Line by line, set down all the data below exactly, omitting any picture.

▸ Dataset extract:
=== Begin Enclosure ===

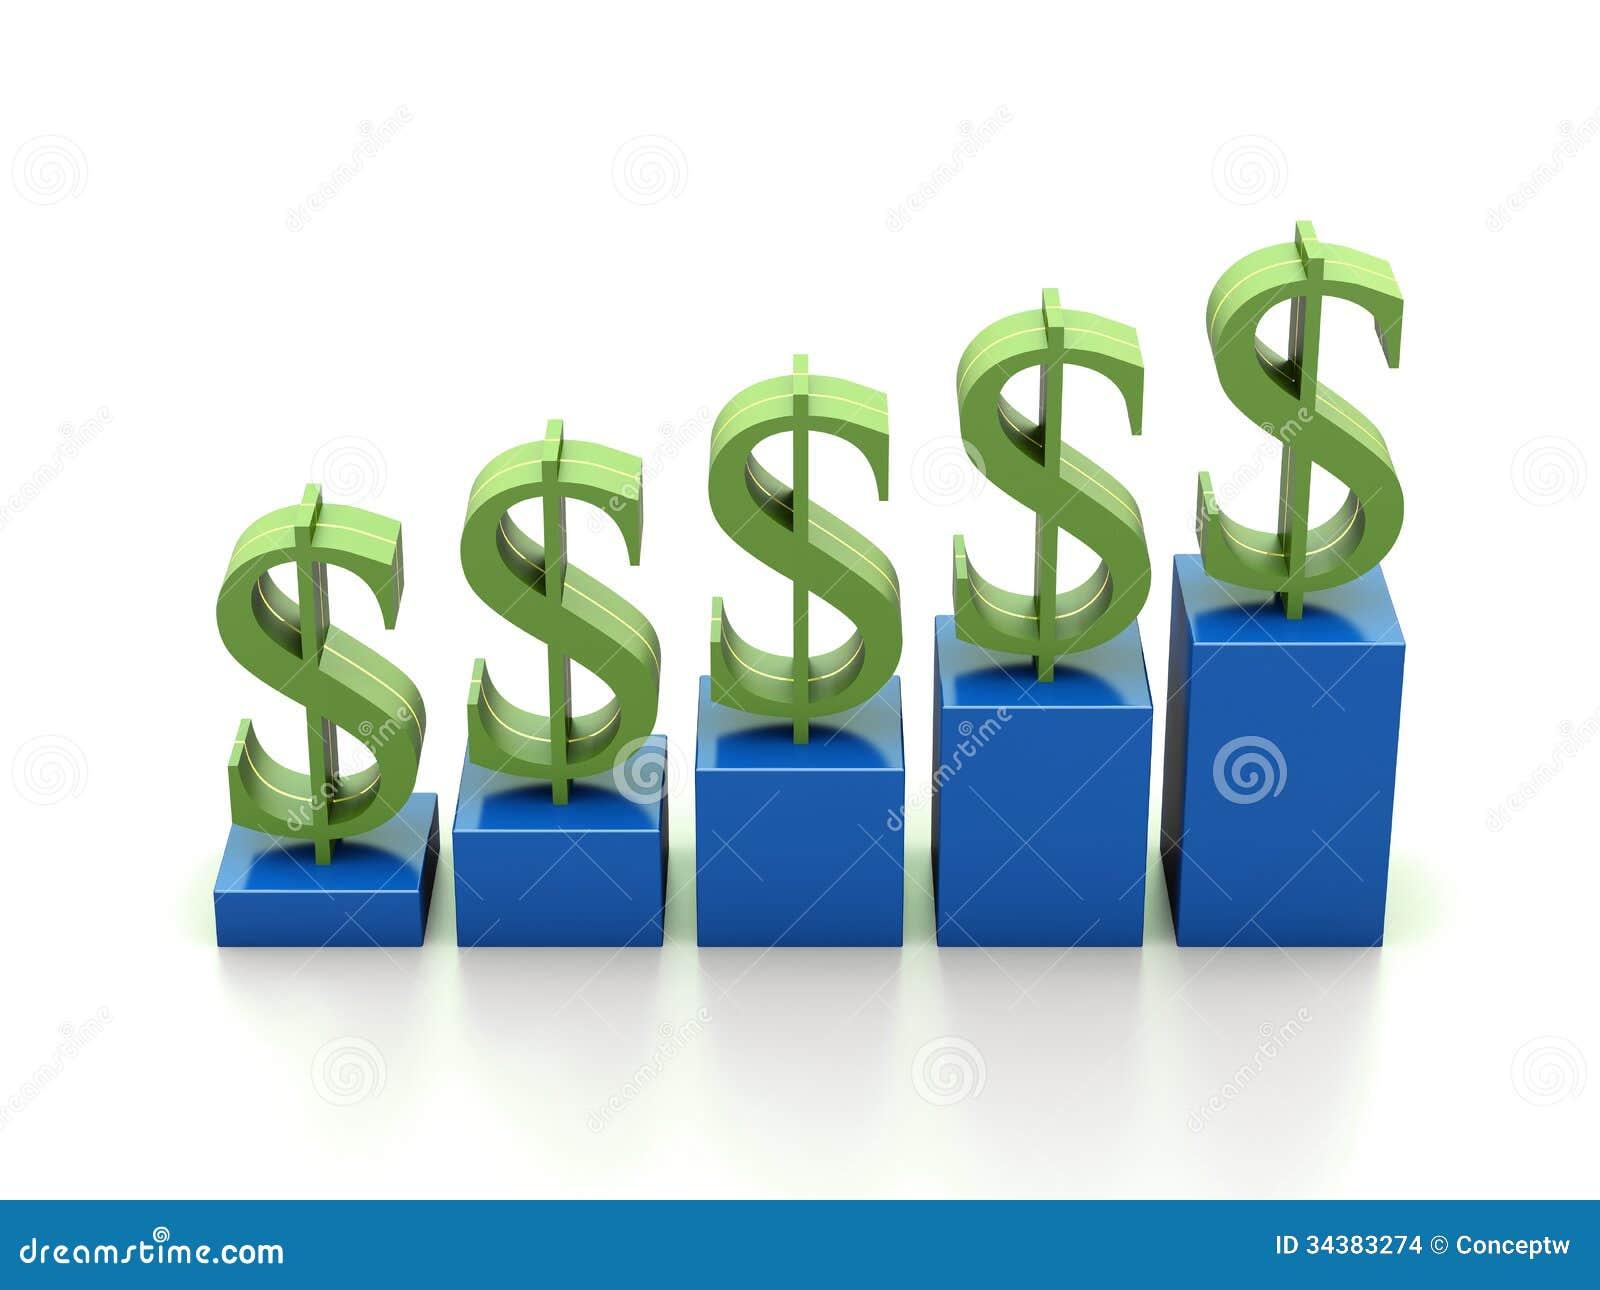 economic graph stock illustration illustration of business 34383274
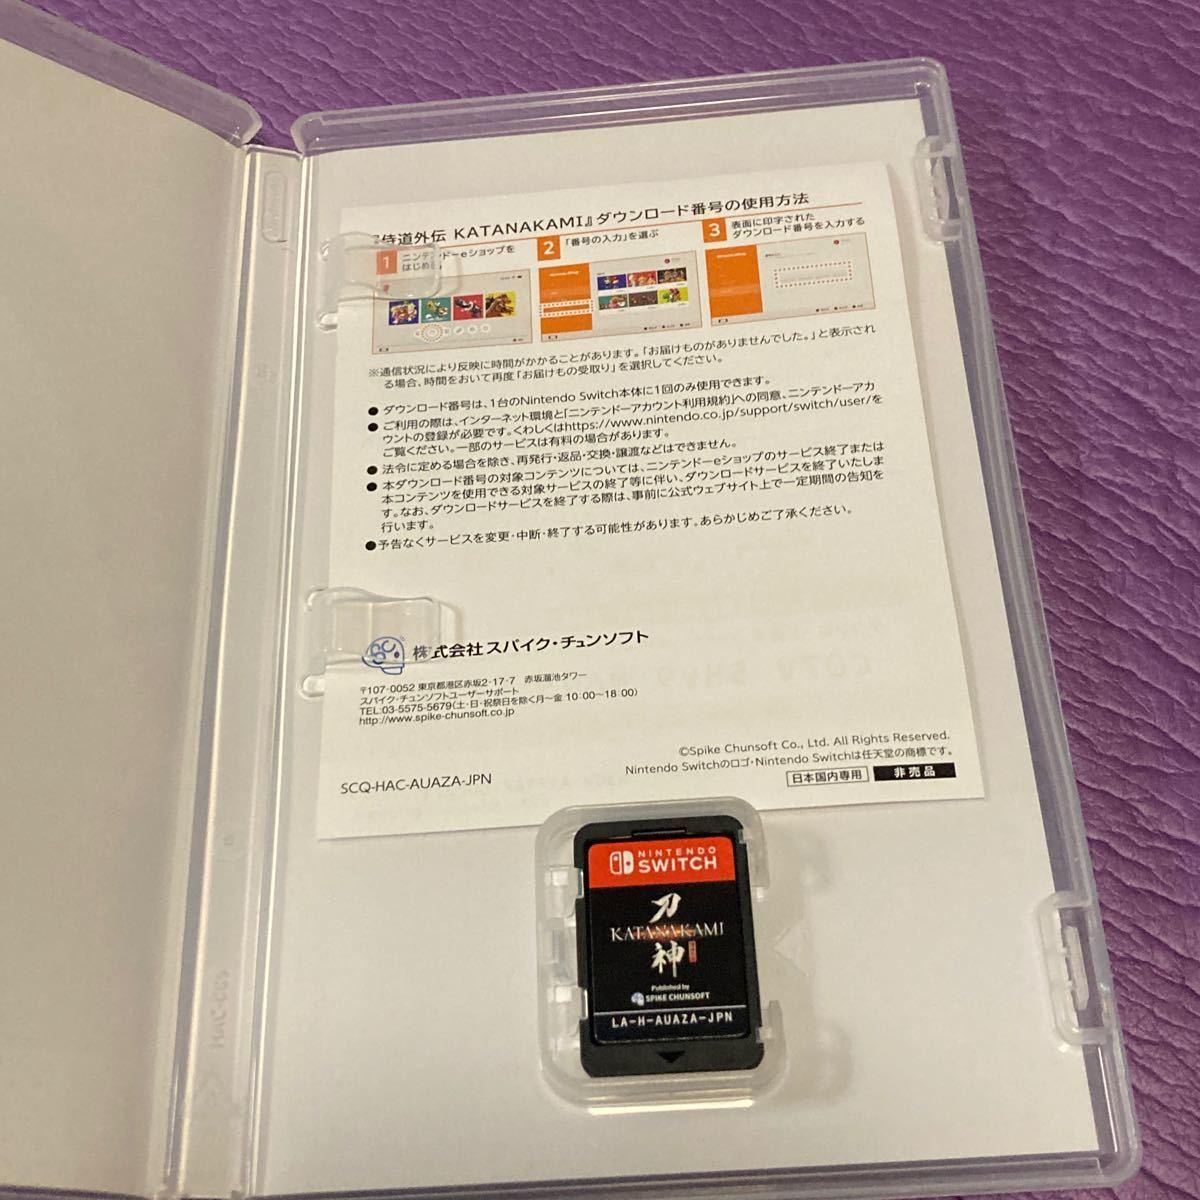 switch  侍道外伝 KATANAKAMI 刀神 中古  任天堂Switch Nintendo ニンテンドースイッチ
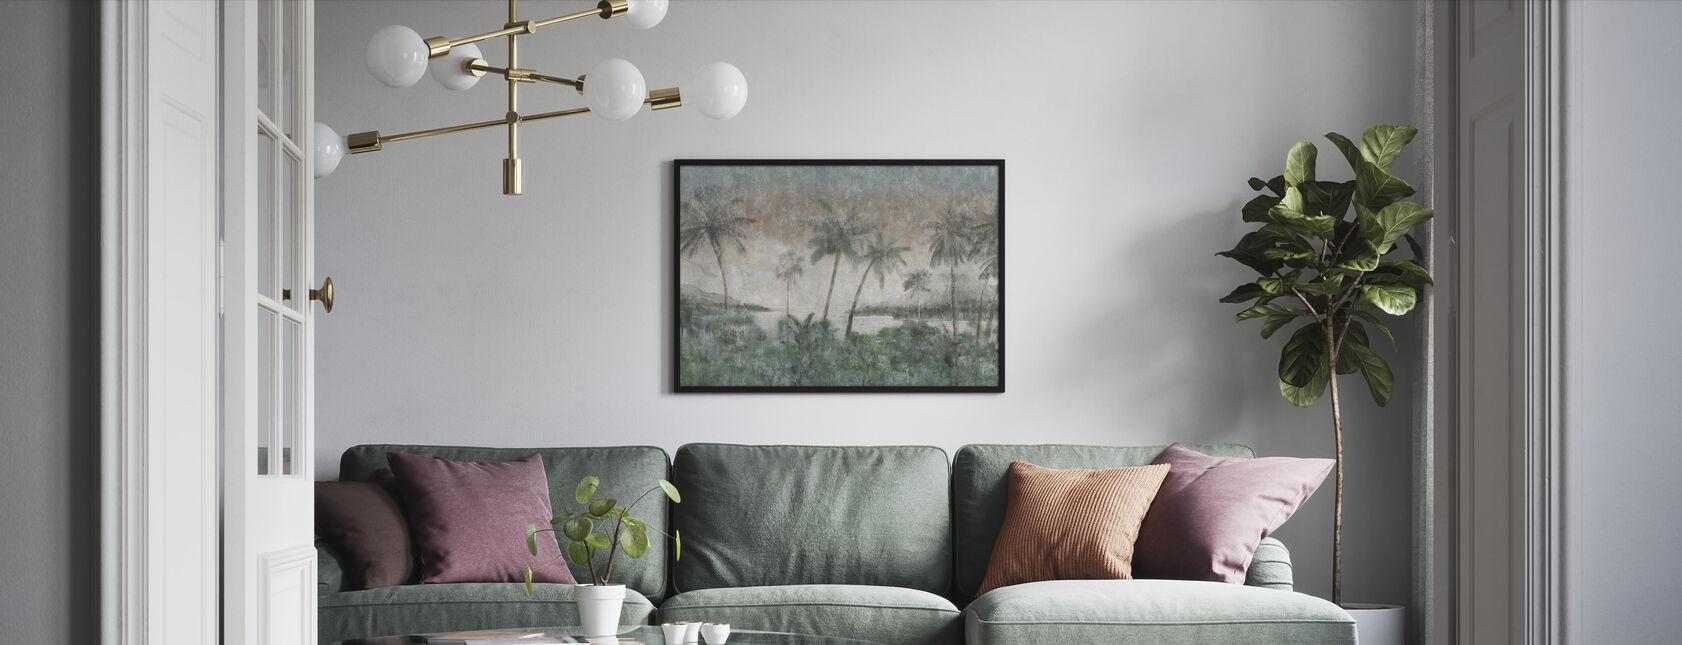 Waikiki - Inramad tavla - Vardagsrum
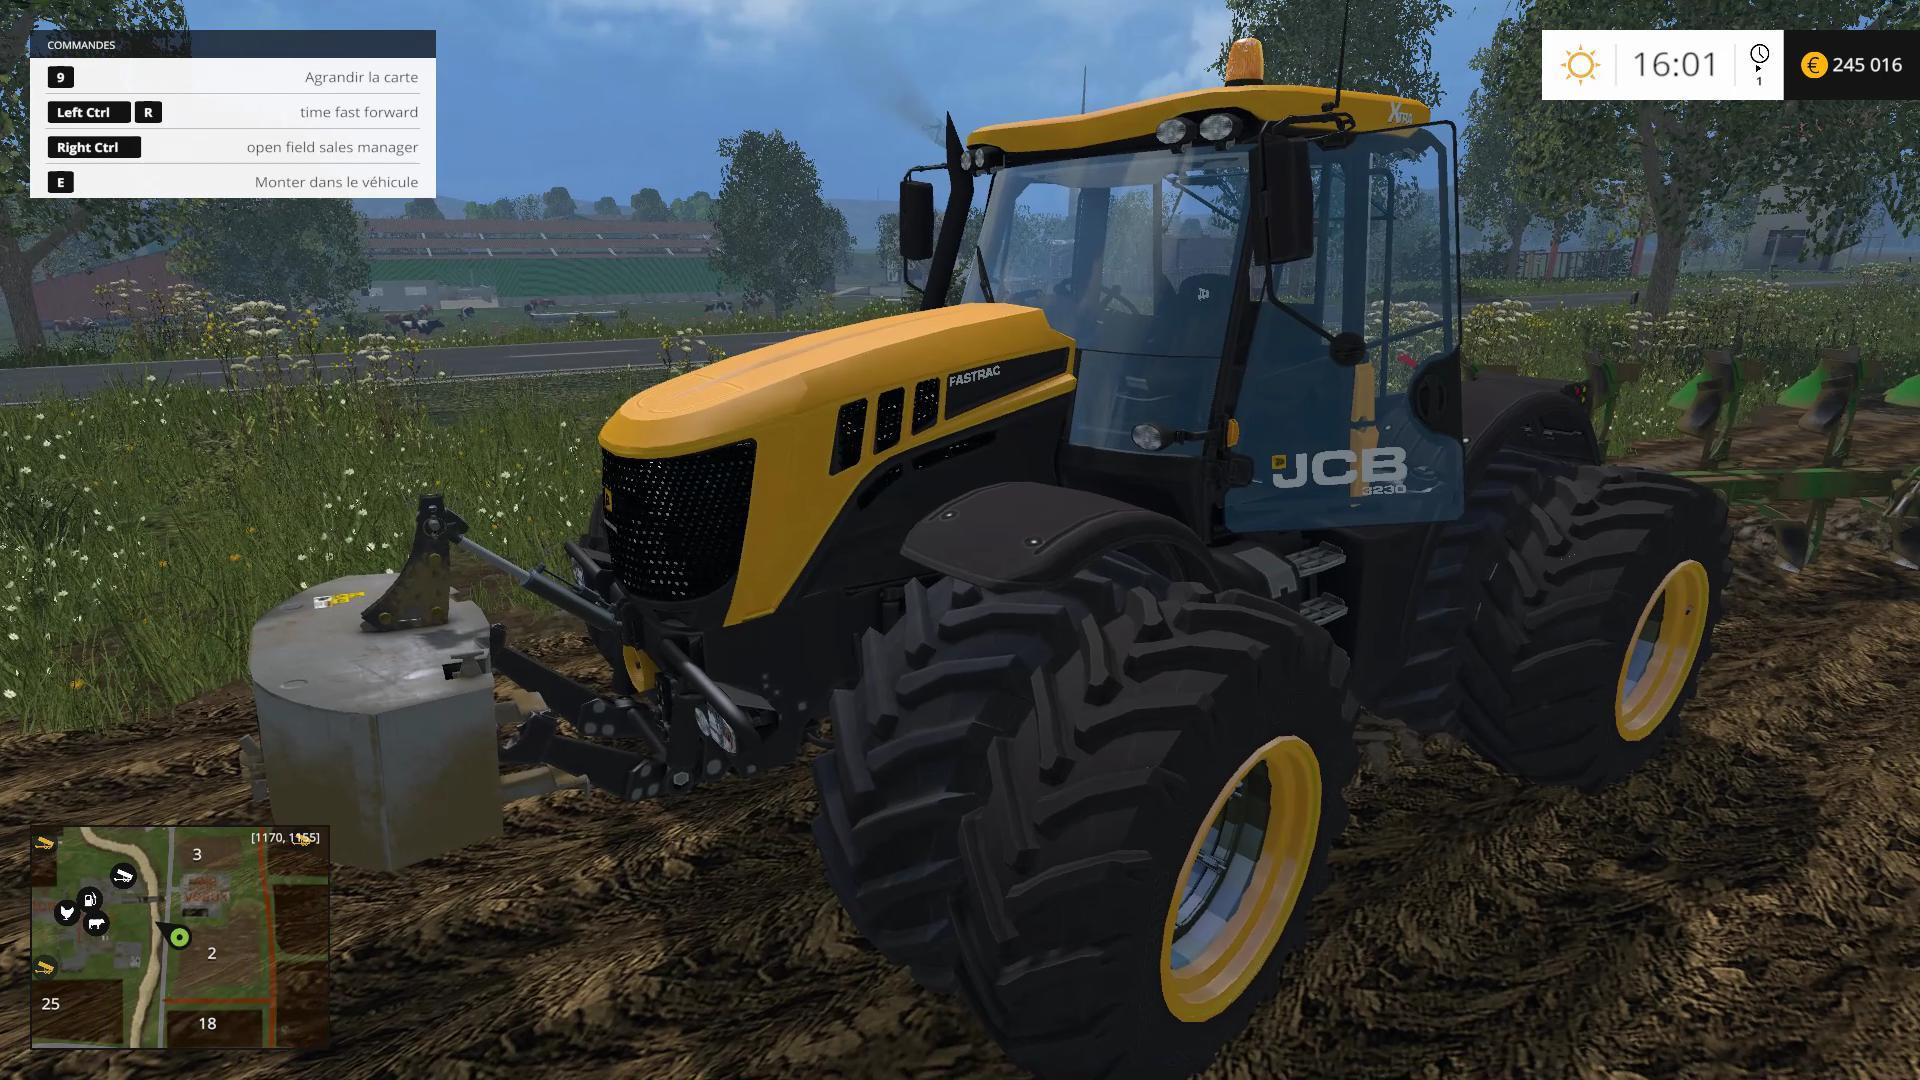 JCB FASTRAC 3220 V1 TRACTOR - Farming simulator 2019 / 2017 / 2015 Mod

=== End Enclosure ===

▸ Solution for this problem:
 economic graph stock illustration illustration of business 34383274
 switch  侍道外伝 KATANAKAMI 刀神 中古  任天堂Switch Nintendo ニンテンドースイッチ
 Waikiki - Inramad tavla - Vardagsrum
 JCB FASTRAC 3220 V1 TRACTOR - Farming simulator 2019 / 2017 / 2015 Mod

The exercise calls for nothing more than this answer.